— EXERCISE DETAILS —
From the listing below, please restate exactly the lines beginning at the one with "Brunnet male in" and ending at the one with "エースジーン スーツケース 26L", both included, and skip the pictures.

— SUPPLIED DATA —
━━━━━━━━━━

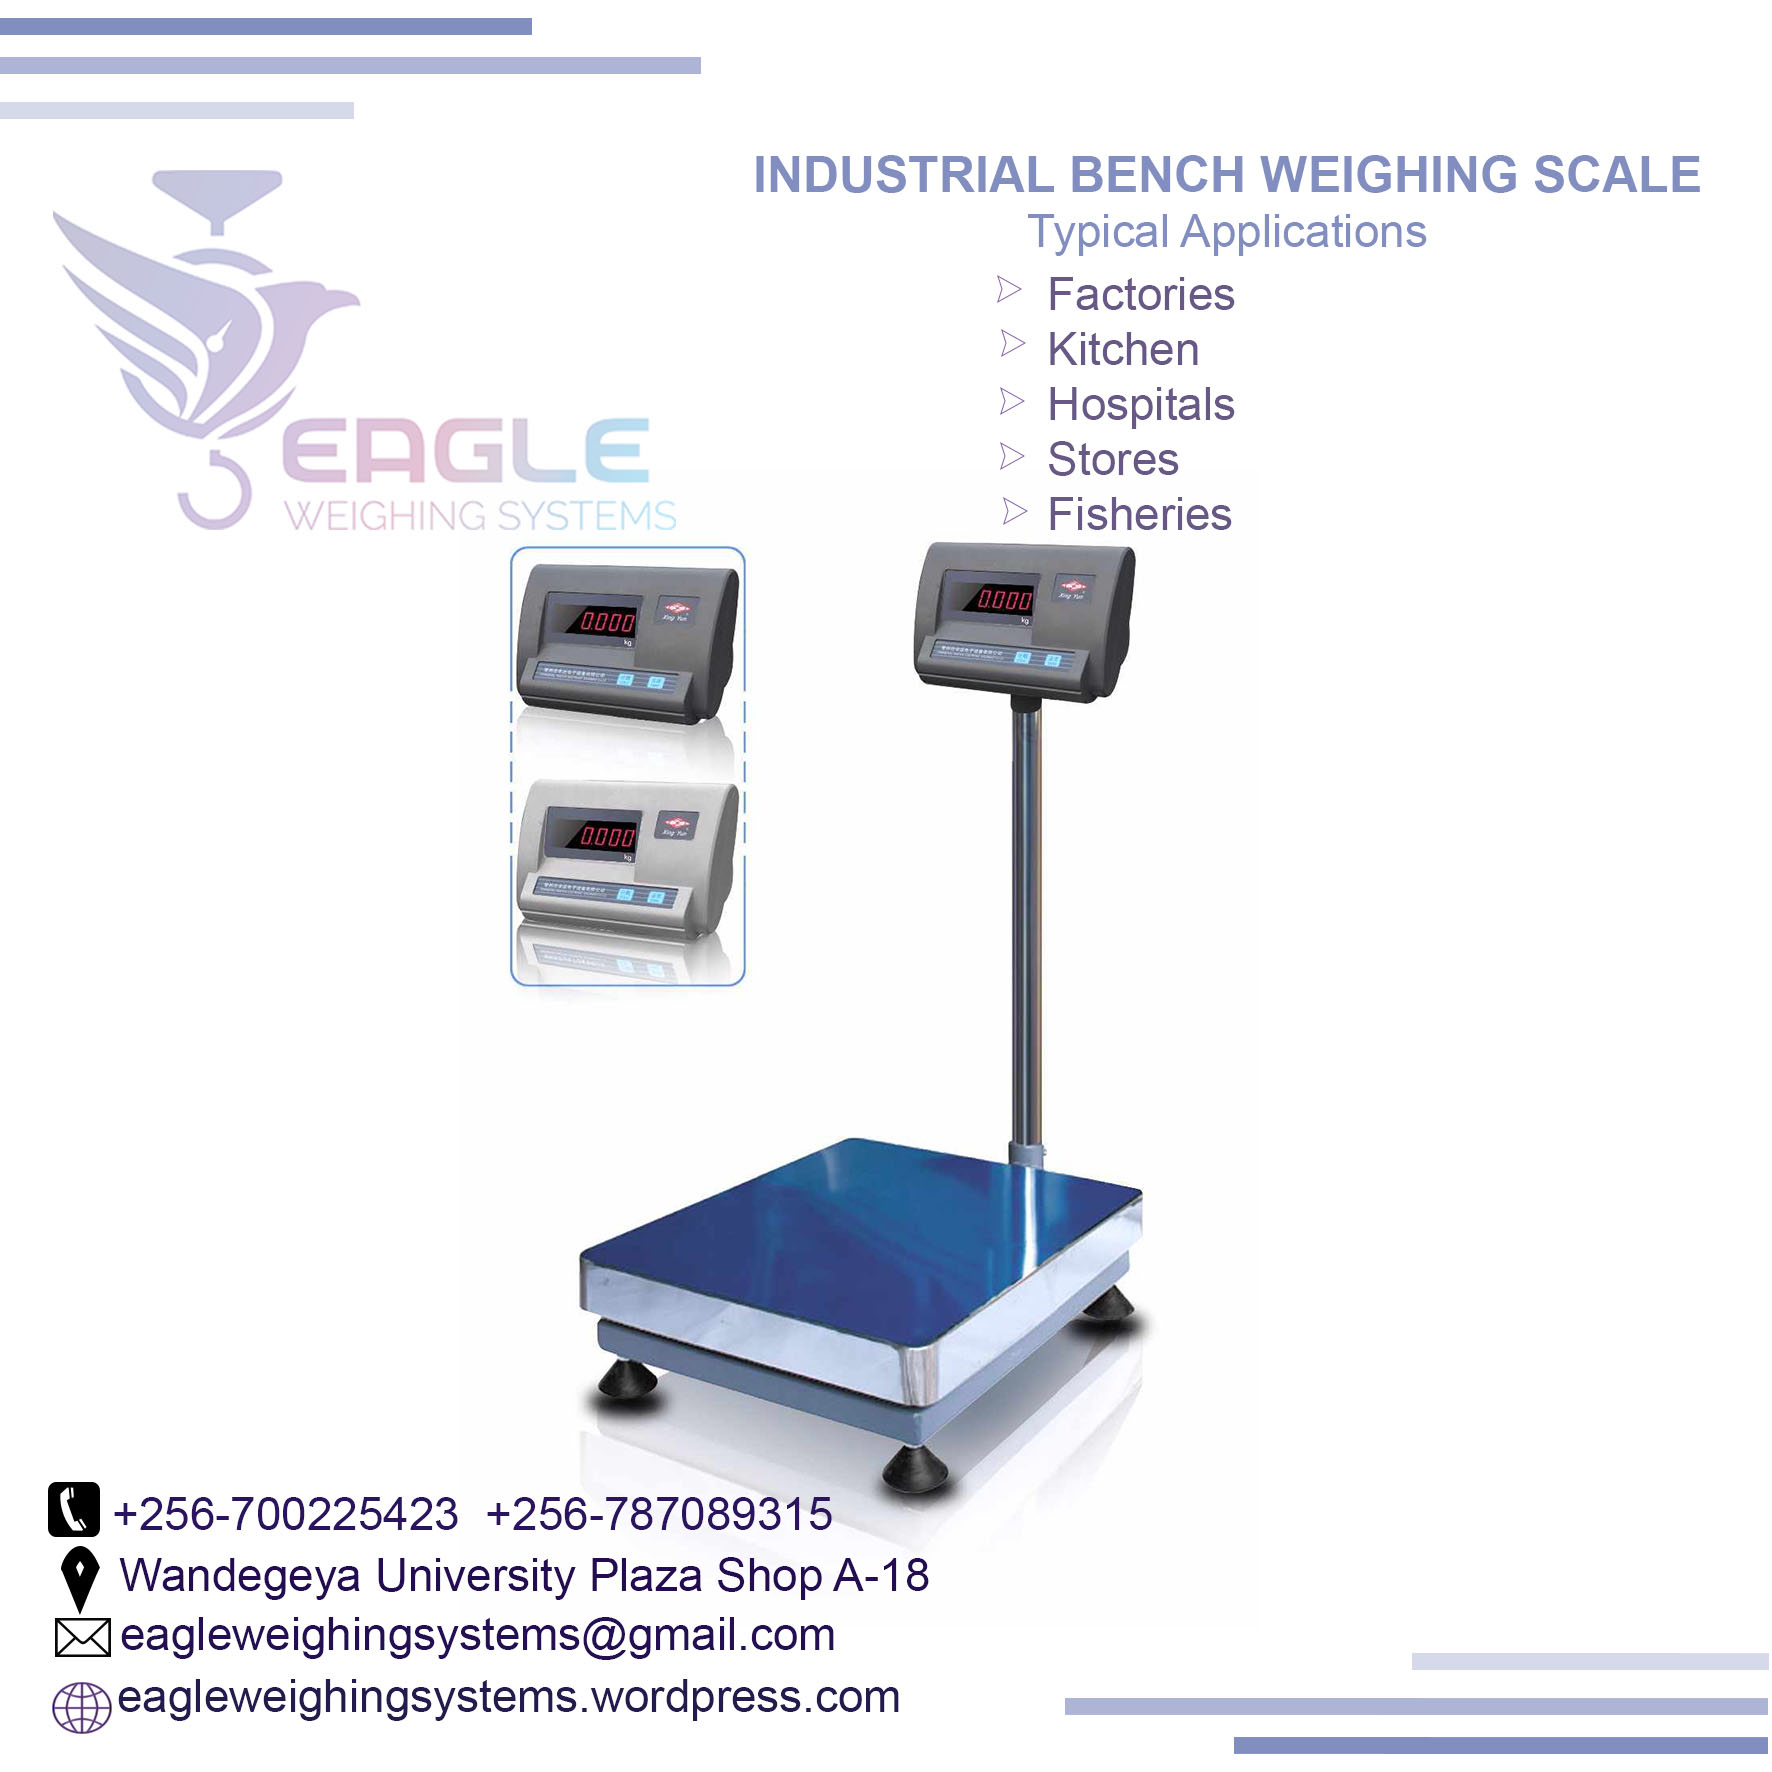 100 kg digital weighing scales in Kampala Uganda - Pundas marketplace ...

━━━━━━━━━━

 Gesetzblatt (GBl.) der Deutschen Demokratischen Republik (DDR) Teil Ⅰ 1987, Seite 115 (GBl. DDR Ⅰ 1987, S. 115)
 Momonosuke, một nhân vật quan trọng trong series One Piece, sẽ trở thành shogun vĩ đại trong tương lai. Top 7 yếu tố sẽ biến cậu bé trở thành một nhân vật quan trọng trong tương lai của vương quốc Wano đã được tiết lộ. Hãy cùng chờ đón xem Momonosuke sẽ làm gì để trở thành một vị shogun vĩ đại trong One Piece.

━━━━━━━━━━

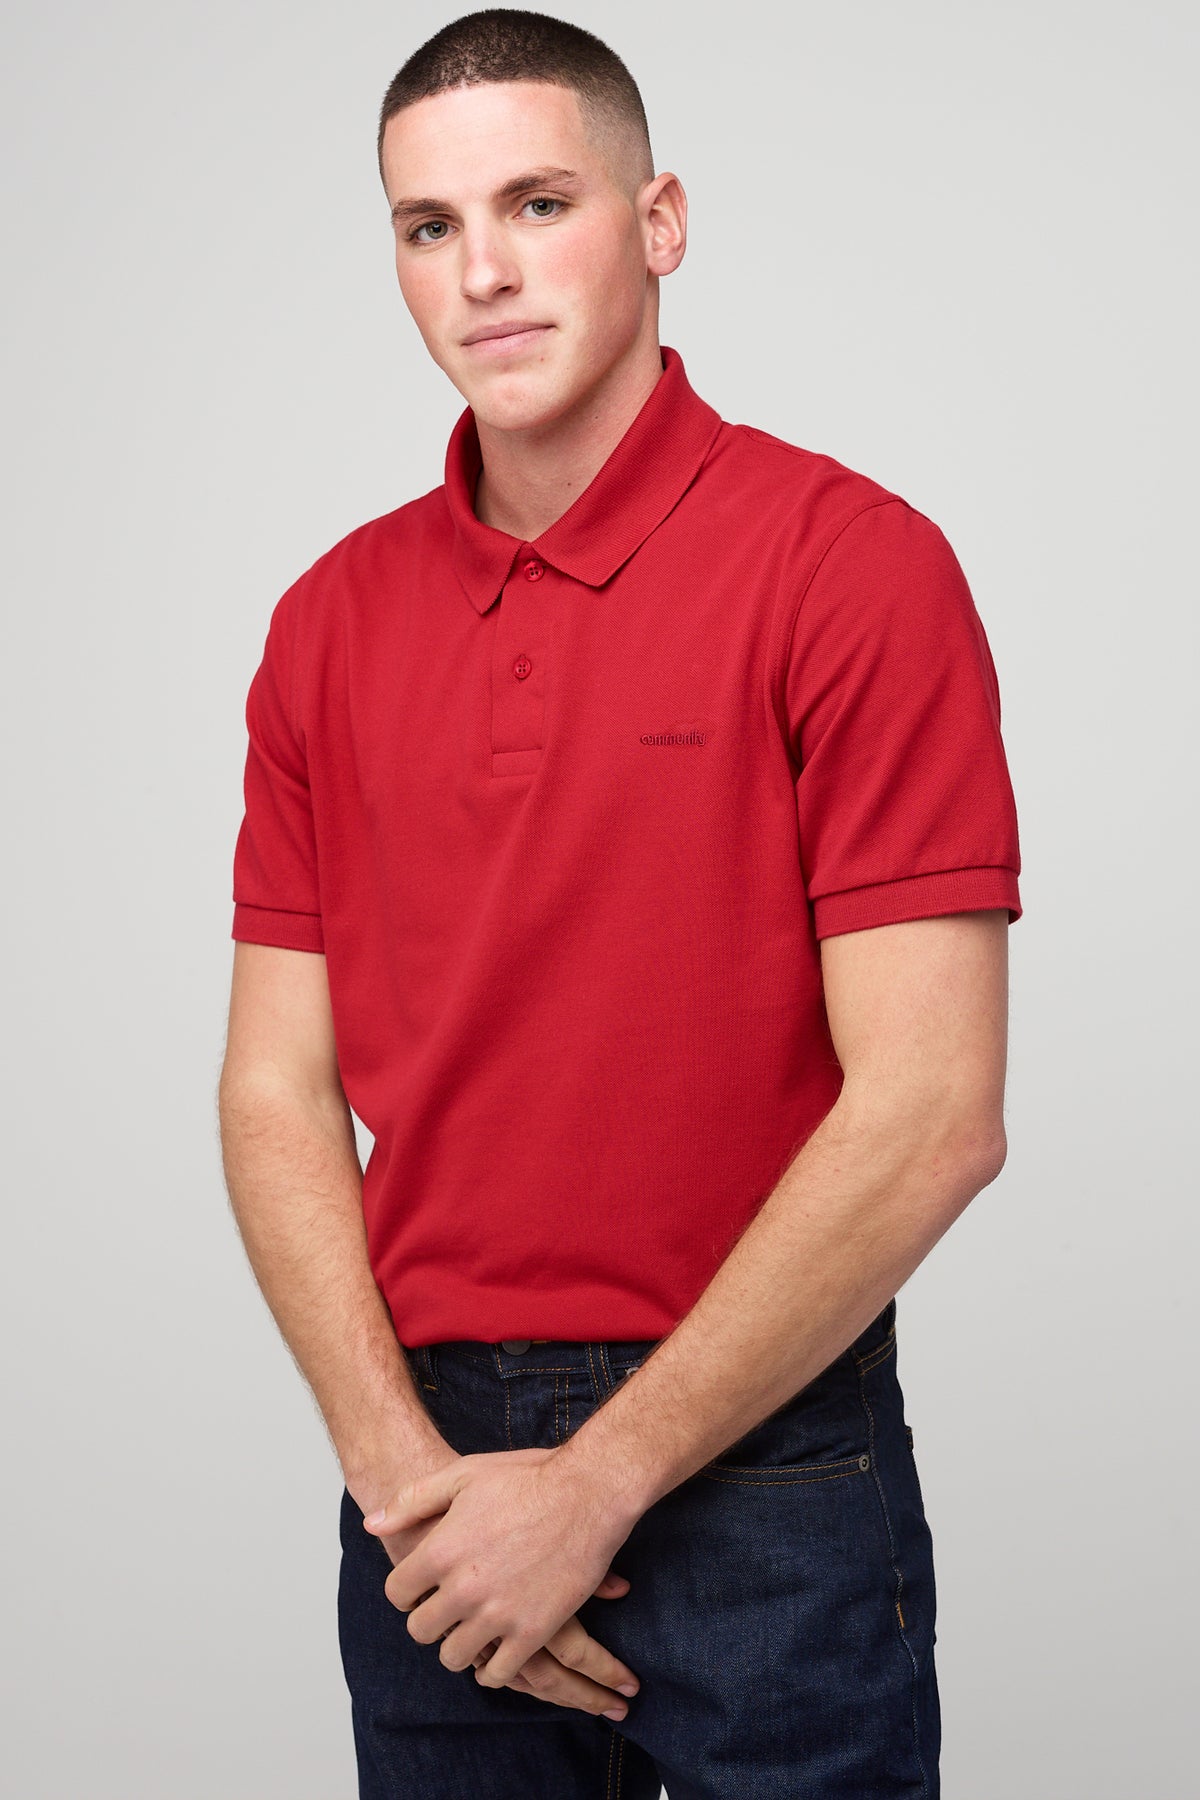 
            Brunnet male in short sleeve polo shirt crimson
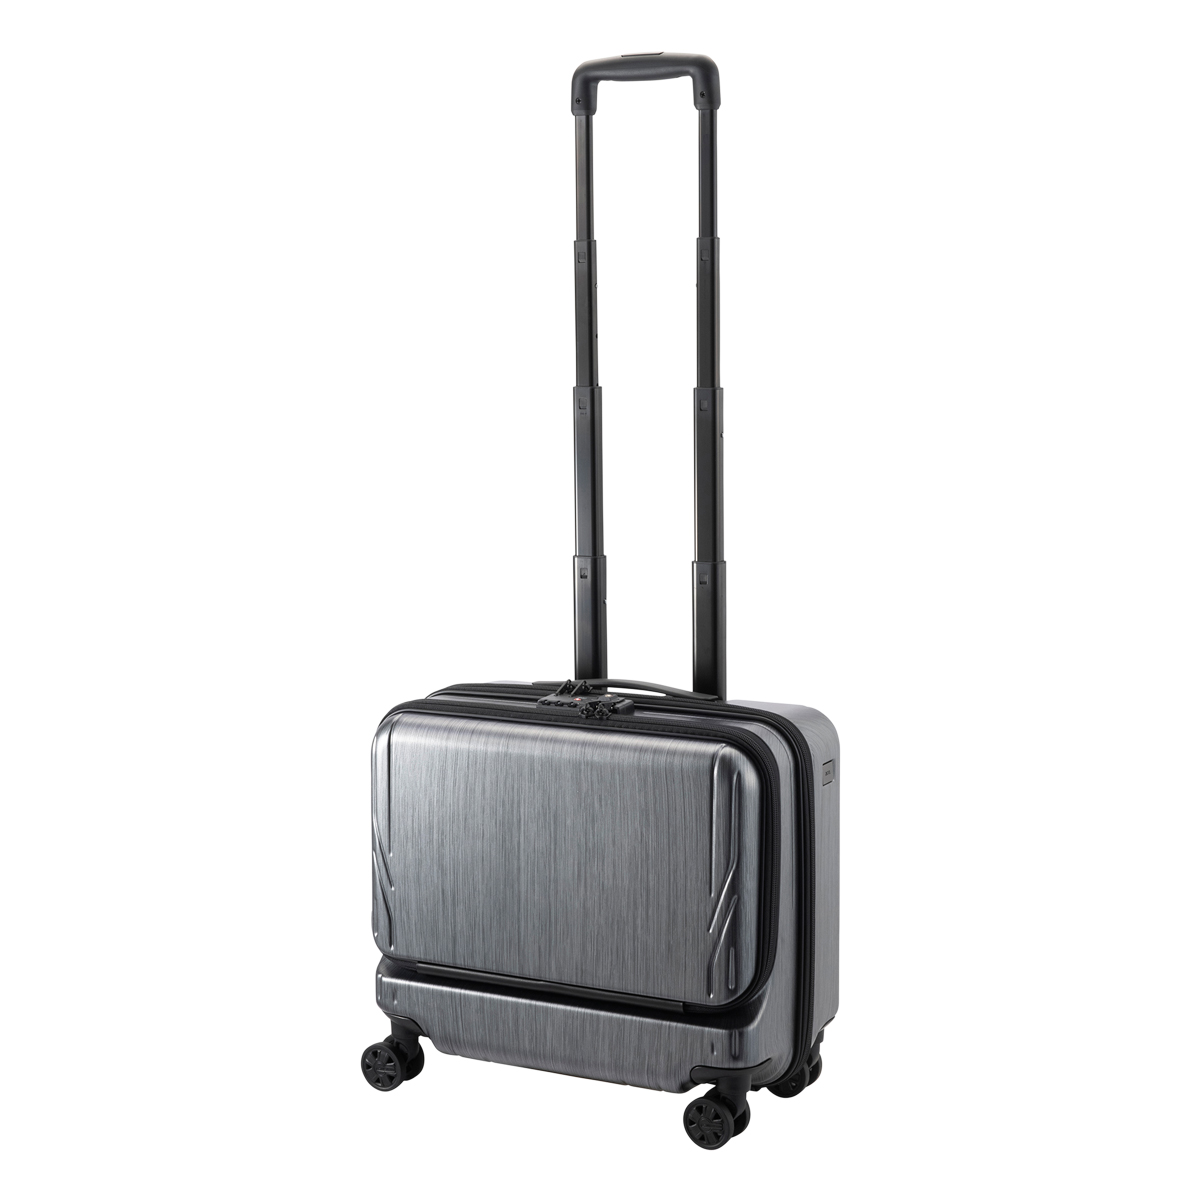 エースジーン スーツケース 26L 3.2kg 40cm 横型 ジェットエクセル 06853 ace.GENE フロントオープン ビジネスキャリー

━━━━━━━━━━

— EXPECTED ANSWER —
            Brunnet male in short sleeve polo shirt crimson
 エースジーン スーツケース 26L 3.2kg 40cm 横型 ジェットエクセル 06853 ace.GENE フロントオープン ビジネスキャリー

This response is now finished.